Set down again exactly the lines of the listing below that fall between the line holding "Φωτό ημέρας: Άλογα" and the line holding "DELIA MINIDRESS - WHITE", inclusive.

--- Supplied information Enclosed Below ---

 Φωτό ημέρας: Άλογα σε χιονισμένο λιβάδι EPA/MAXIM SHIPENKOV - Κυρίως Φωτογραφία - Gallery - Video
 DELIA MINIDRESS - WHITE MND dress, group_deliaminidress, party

--- End of Enclosed Supplied information ---
--- Supplied information Enclosed Below ---

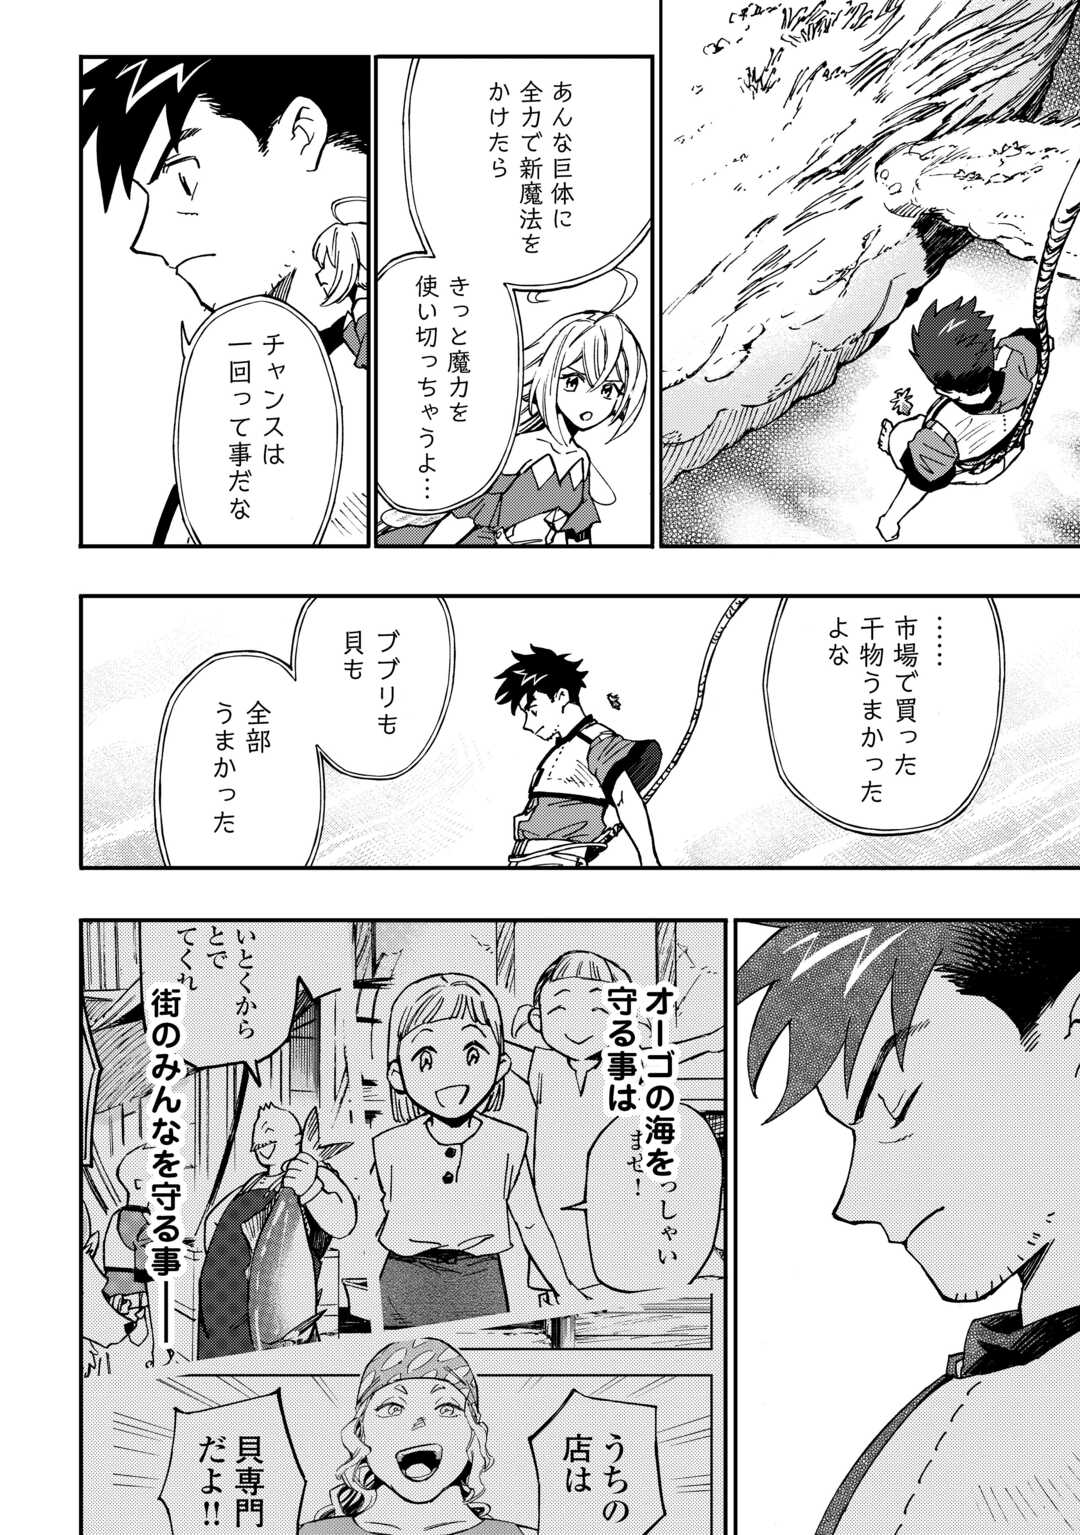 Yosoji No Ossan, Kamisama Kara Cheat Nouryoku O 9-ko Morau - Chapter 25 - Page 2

--- End of Enclosed Supplied information ---

Problem solution:
 Φωτό ημέρας: Άλογα σε χιονισμένο λιβάδι EPA/MAXIM SHIPENKOV - Κυρίως Φωτογραφία - Gallery - Video
 DELIA MINIDRESS - WHITE MND dress, group_deliaminidress, party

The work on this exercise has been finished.